Rb. Midden-Nederland, 31-10-2019, nr. AWB - 19 , 221
ECLI:NL:RBMNE:2019:5028, Hoger beroep: (Gedeeltelijke) vernietiging en zelf afgedaan
- Instantie
Rechtbank Midden-Nederland
- Datum
31-10-2019
- Zaaknummer
AWB - 19 _ 221
- Vakgebied(en)
Bestuursrecht algemeen (V)
- Brondocumenten en formele relaties
ECLI:NL:RBMNE:2019:5028, Uitspraak, Rechtbank Midden-Nederland, 31‑10‑2019; (Eerste aanleg - enkelvoudig)
Hoger beroep: ECLI:NL:RVS:2021:272, (Gedeeltelijke) vernietiging en zelf afgedaan
Uitspraak 31‑10‑2019
Inhoudsindicatie
Bestuurlijke boete overtreding BKR en verdeling in basisgroepen BSO. Inspectierapport GGD mocht worden gebruikt. Overtredingen niet betwist. Feitelijk leidinggeven. Geen aanleiding voor matiging. Ongegrond.
Partij(en)
RECHTBANK MIDDEN-NEDERLAND
Zittingsplaats Utrecht
Bestuursrecht
zaaknummer: UTR 19/221
uitspraak van de enkelvoudige kamer van 31 oktober 2019 in de zaak tussen
[eiseres] , te [vestigingsplaats] , eiseres
(gemachtigde: mr. R.P. Kuijper),
en
het college van burgemeester en wethouders van de gemeente Utrecht, verweerder
(gemachtigde: mr. N. Verkerk en F. Aykan).
Procesverloop
Bij besluit van 6 februari 2018 (het primaire besluit) heeft verweerder aan eiseres in totaal elf bestuurlijke boetes opgelegd voor geconstateerde overtredingen van de Beroepskracht-kindratio (BKR) bij BSO [BSO] .
Bij besluit van 5 december 2018 (het bestreden besluit) heeft verweerder het bezwaar van eiseres ongegrond verklaard.
Eiseres heeft tegen het bestreden besluit beroep ingesteld.

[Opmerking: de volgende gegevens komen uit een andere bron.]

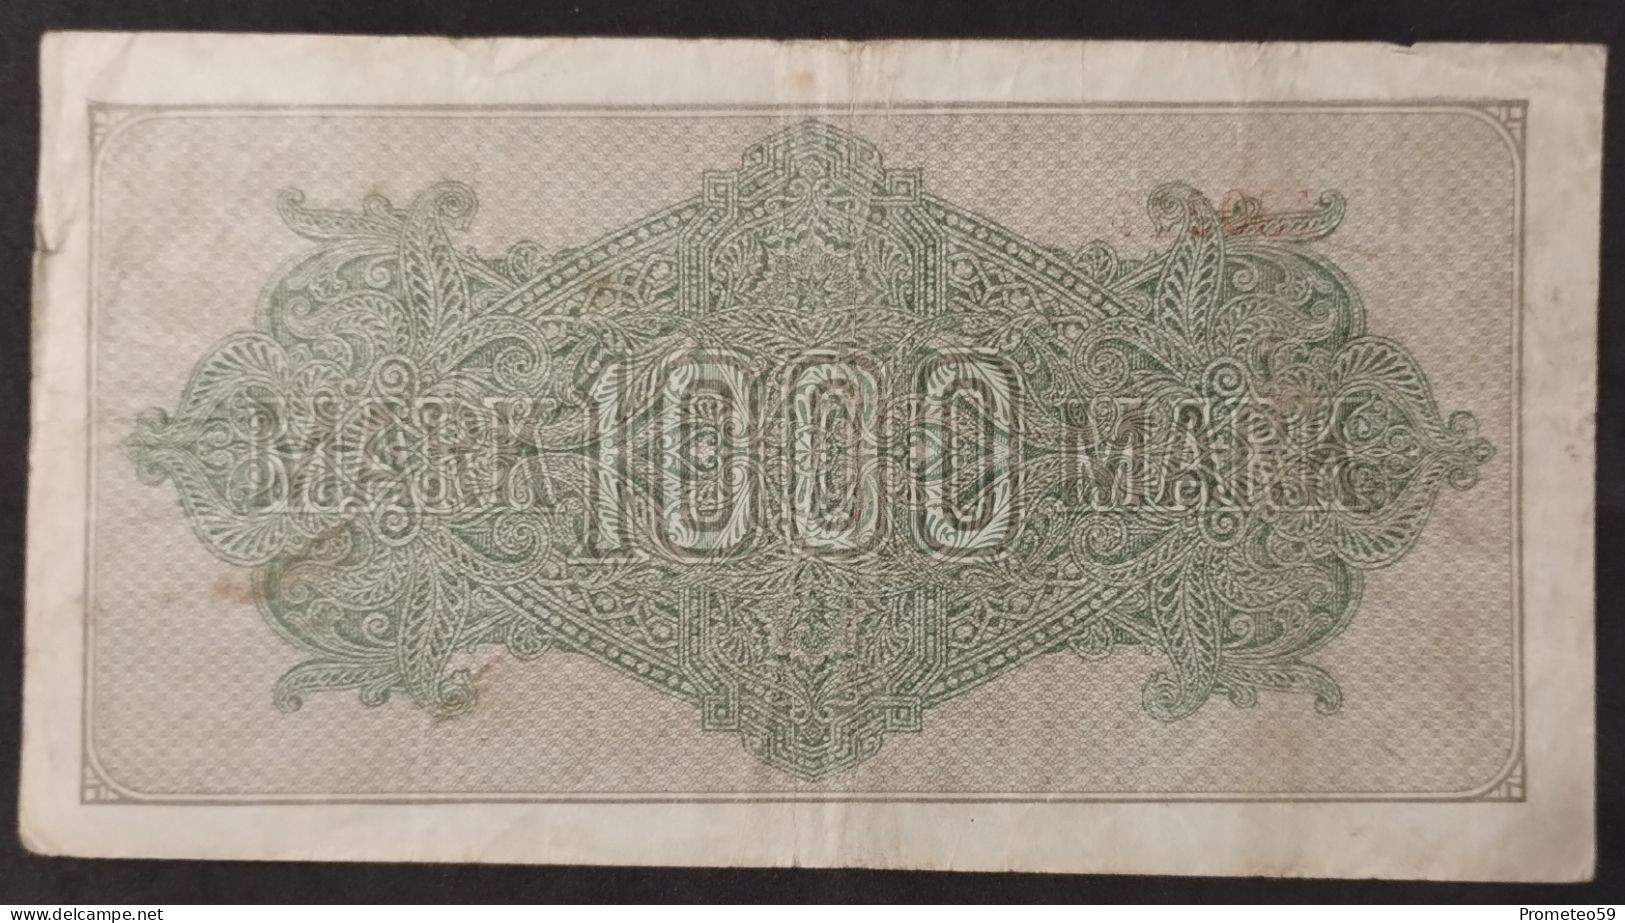 Alemania (Germany) – Billete Banknote De 1.000 Mark – 15.9.1922 - 1000 Mark

Het onderzoek ter zitting heeft plaatsgevonden op 18 september 2019. Namens eiseres zijn verschenen [A] en [B] , bijgestaan door hun gemachtigde. Verweerder heeft zich laten vertegenwoordigen door zijn gemachtigden.
Overwegingen
Eiseres is houder van de buitenschoolse opvanglocatie (BSO) [BSO] , gevestigd aan het [adres] in [vestigingsplaats] . Op 18 september 2017 heeft de GGD Utrecht (de toezichthouder) een nader onderzoek uitgevoerd bij deze BSO. Op basis van de bevindingen, die zijn vastgelegd in een inspectierapport van 20 november 2017, heeft verweerder geconcludeerd dat er op elf verschillende data in de periode tussen 21 augustus 2017 en18 september 2017 te weinig beroepskrachten werden ingezet in verhouding tot het aantal aanwezige kinderen per basisgroep. Voor deze overtredingen van de BKR heeft verweerder aan eiseres een bestuurlijke boete opgelegd ter hoogte van € 55.000,- (11 x € 5.000,-).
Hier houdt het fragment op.